Doch Frederick Lau ist vor allem für deutsche Film- und Fernsehproduktionen ein seltener Glücksfall. Ein Bauchschauspieler, nahbar und einnehmend. Davon kann man sich am Dienstag in dem ansonsten leider ziemlich durchschnittlichen Sat 1-Eventfilm Mordkommission Berlin 1 überzeugen. In der opulent ausgestatteten und von Marvin Kren stimmungsvoll-düster inszenierten Produktion, deren Plot allerdings unheilbar am Erklärbär-Syndrom erkrankt ist (offenbar ist das Vertrauen in die Kombinationsgabe von Sat 1-Zuschauern arg begrenzt), spielt Lau den jungen Polizisten Conrad Ruppert im Berlin der Zwanzigerjahre, der gemeinsam mit seinem unleidlichen, morphiumsüchtigen Chef Paul Lang (Friedrich Mücke) einen besonders grausamen Mordfall aufzuklären hat: Ein Staatsanwalt wurde den Krokodilen im Zoo zum Fraß vorgeworfen. Die Spur führt zum Ganovenring gleichen Namens und zu dessen inhaftiertem Chef, Immanuel Tauss (Tobias Moretti).

Inmitten dieses Sündenpfuhls um das Varieté-Theater "Irrgarten" - ständig laufen halb nackte Revuetänzerinnen durchs Bild - versucht Ruppert, seinem moralischen Kompass treu zu bleiben und ist in diesem Schwanken zwischen Loyalität und Pflichterfüllung eine idealtypische Rolle für Frederick Lau. "Ich bin stolz auf Sie, Ruppert, Sie sind ein guter Ermittler, weil Sie sich in die Menschen einfühlen können", lobt ihn sein Chef einmal. Im Kontrast zum großbürgerlichen Lang ist Ruppert der Mann aus dem Volke, in Pullunder, Knickerbockern und Schiebermütze, die ehrliche Haut vom Dienst.

Frederick Lau verfügt über das im verkopften Deutschland rare Talent, Prolls mit goldenem Herzen zu verkörpern. Zuletzt sehen konnte man das in Sebastian Schippers Kinoerfolg Victoria, dem zu Recht viel gelobten Echtzeit-Thriller über eine Partynacht in Berlin, die mit einem Bankraub endet. Wenn man Lau wegen dieser Gabe und nicht zuletzt wegen seines Hundeblicks einen "Straßenköter" nennt, bedankt er sich dafür. "Für mich ist das ein Kompliment", sagt er. "Mich hat die Realität, das Dreckige, Düstere immer mehr interessiert als das Glamouröse."

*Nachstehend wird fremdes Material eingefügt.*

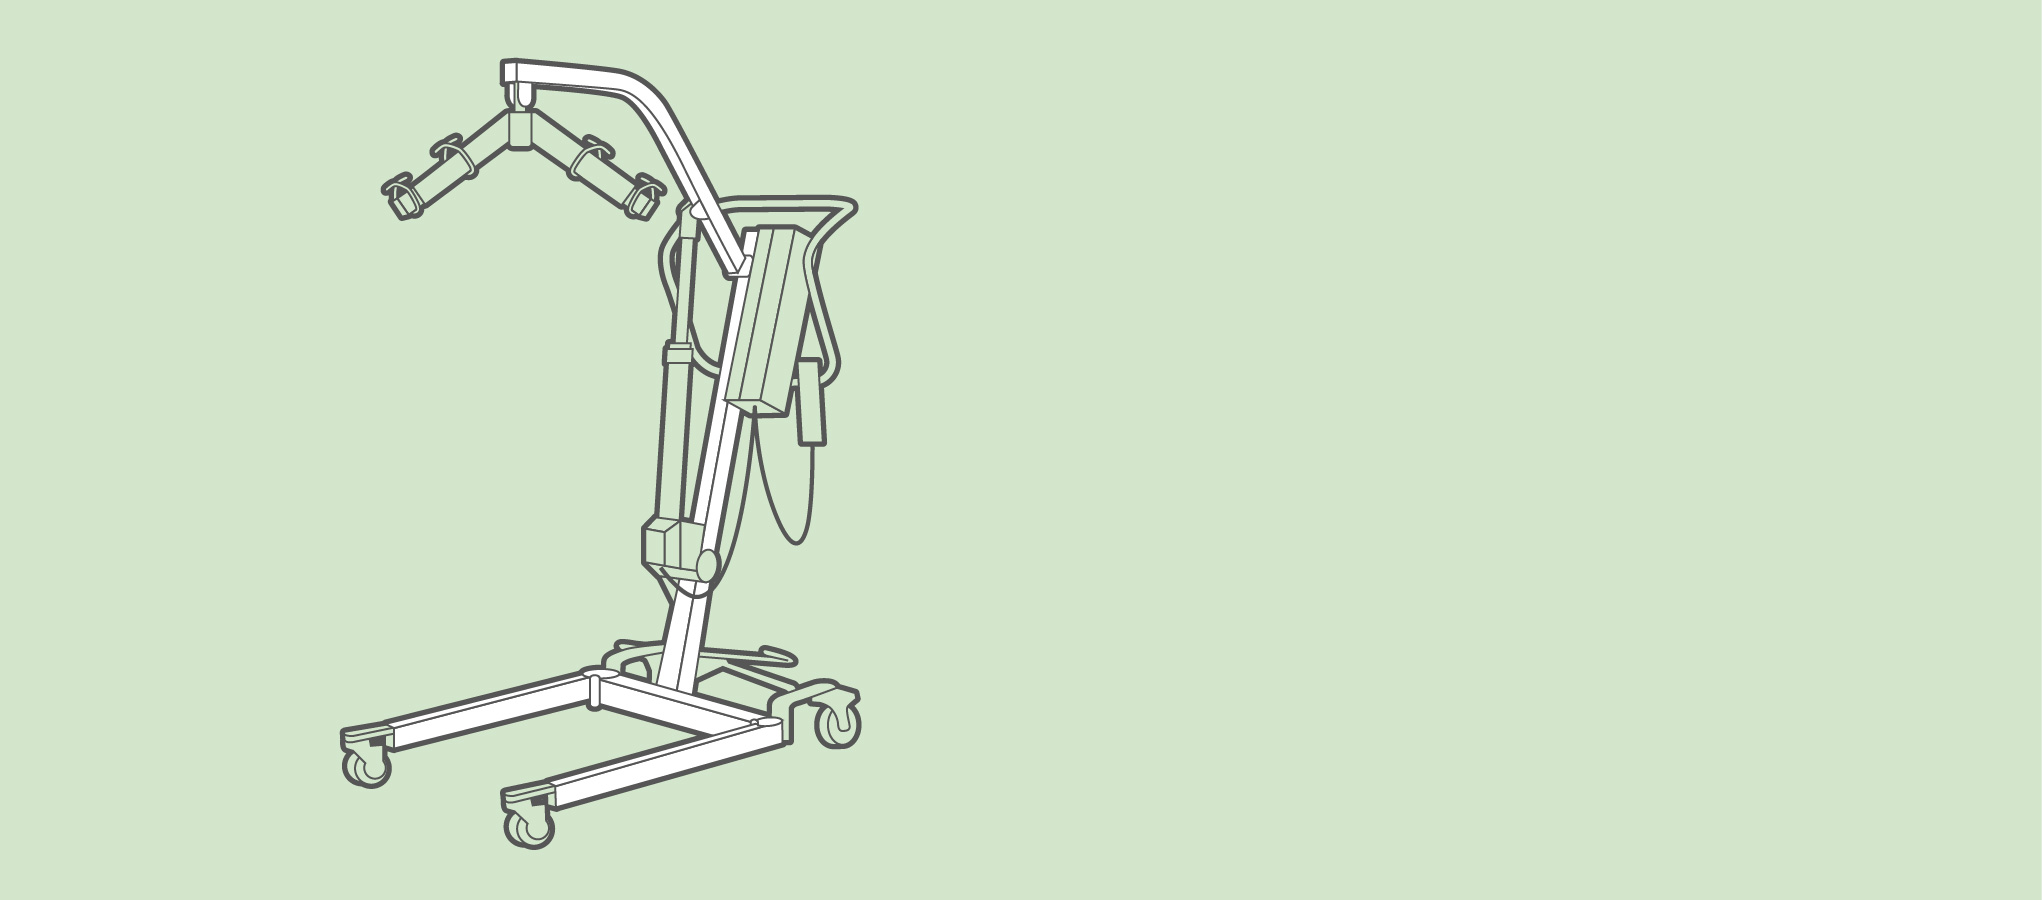 patientenlifter personenlifter zum umsetzen. Black Bedroom Furniture Sets. Home Design Ideas
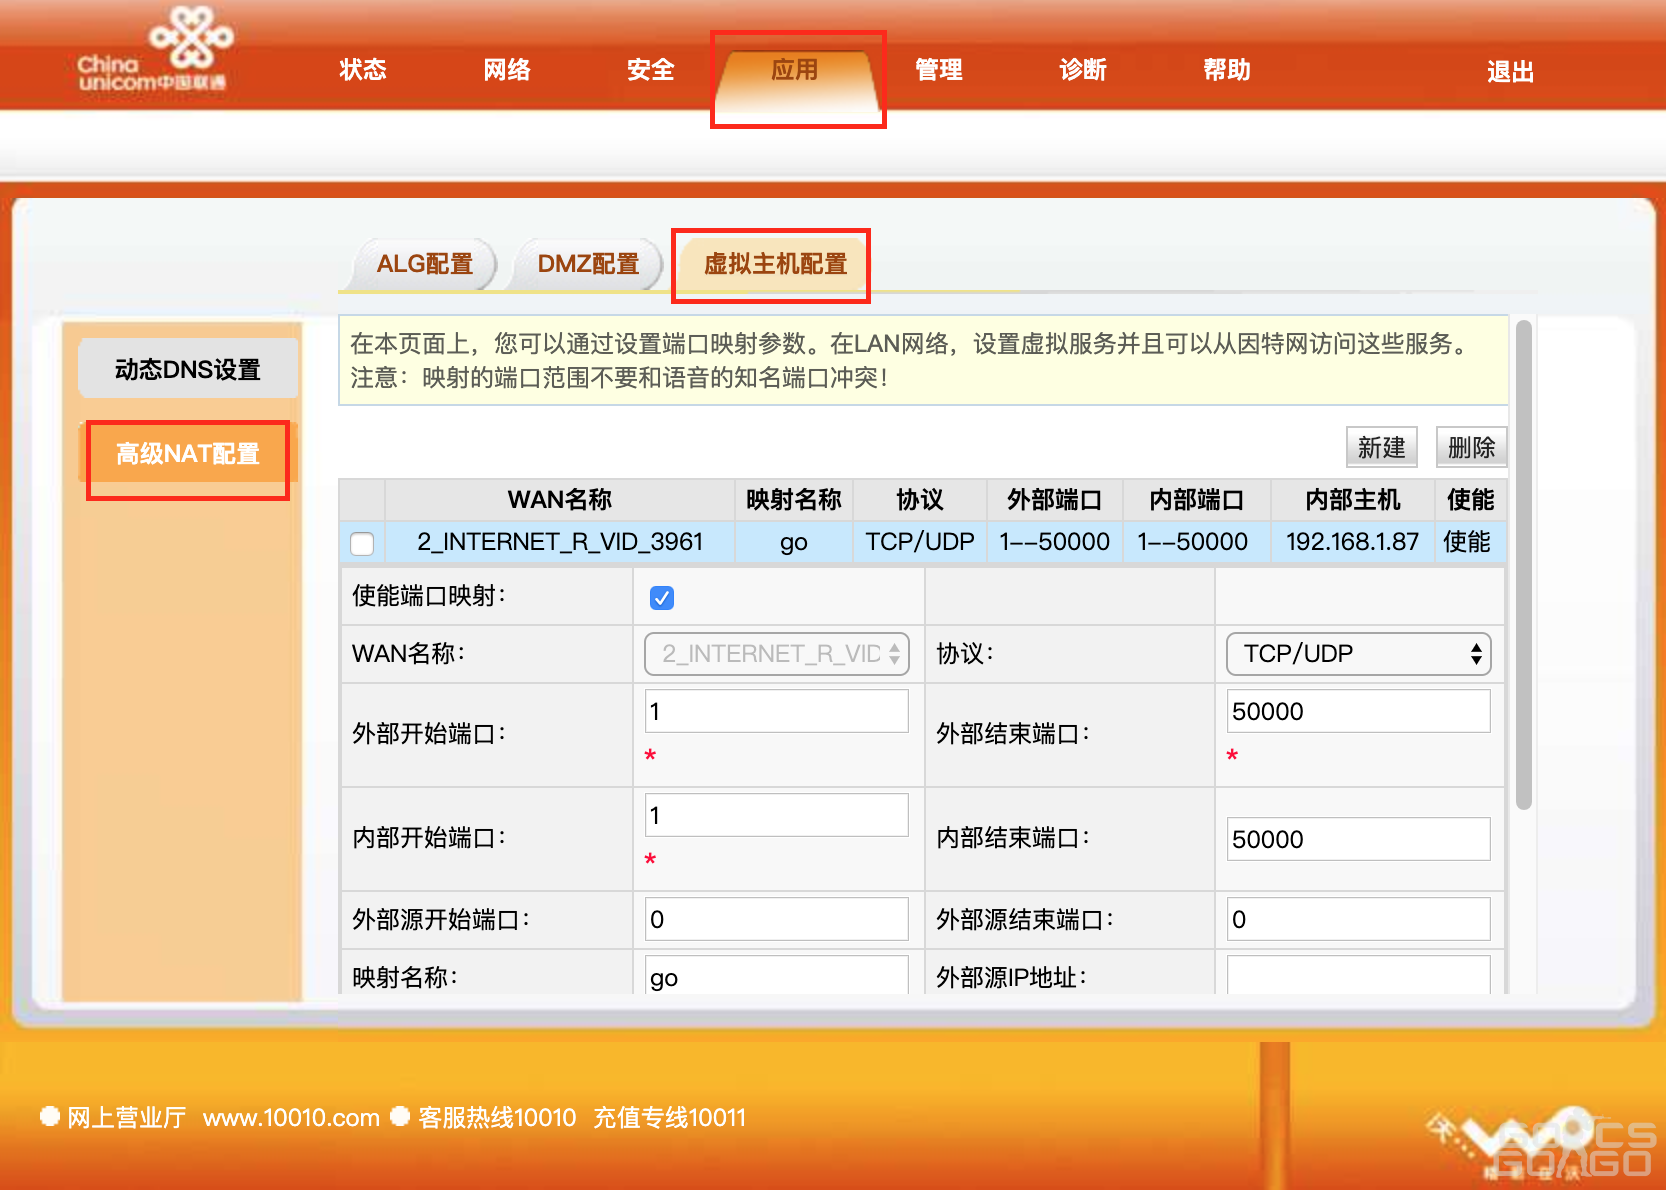 CSGO服务器公网访问端口映射

Großspurigkeit ist ihm ein Graus

Neue Vahr Süd, Oh Boy, Sein letztes Rennen, Bornholmer Straße - Regisseure lieben Frederick Lau, weil sie wissen, dass er ihren Filmen selbst in kurzen Auftritten eine Extradosis Lebendigkeit schenkt. Nach Victoria, für den Lau in diesem Jahr schon mit seiner zweiten Lola ausgezeichnet wurde (den ersten Deutschen Filmpreis gab's 2008 für Die Welle) ist Mordkommission Berlin 1 schon wieder ein, wenn auch ganz anderer, Berlin-Film. Lau, 1989 als einziges Kind eines Antiquitätenhändlerpaares im Bezirk Steglitz geboren, wohnt noch heute dort. Früher, wenn er von langen Drehs nach Hause gekommen sei - der Autodidakt machte zum ersten Mal 2003 in einer Neuverfilmung von Kästners Fliegendem Klassenzimmer auf sich aufmerksam -, habe er bei der Einfahrt in den Bahnhof Zoo immer Tränen in den Augen gehabt.

In Deutschland kommt für ihn als Wohnort nur Berlin infrage. "Irgendwann mal im Ausland zu leben würde mich aber schon reizen", sagt er, "doch ich bin zu sehr Schisser, um zu sagen: Komm, wir ziehen jetzt einfach mal nach London." Zu groß ist die Angst, dass die Rollenangebote dann ausbleiben. Auch das hohe Alter seines Vaters spielt eine Rolle. Der habe ihn "zu dem fühlenden Menschen gemacht, der ich bin", sagt er. Ein Leben ohne ihn kann und will sich Lau nicht vorstellen, ist aber zugleich davon überzeugt, dass so ein biografischer Bruch Erneuerungskräfte freisetzt. "Ich glaube, Marlon Brando war es, der in einem Interview gesagt hat, dass er erst nach dem Tod seines Vaters richtig zu schauspielen angefangen hat."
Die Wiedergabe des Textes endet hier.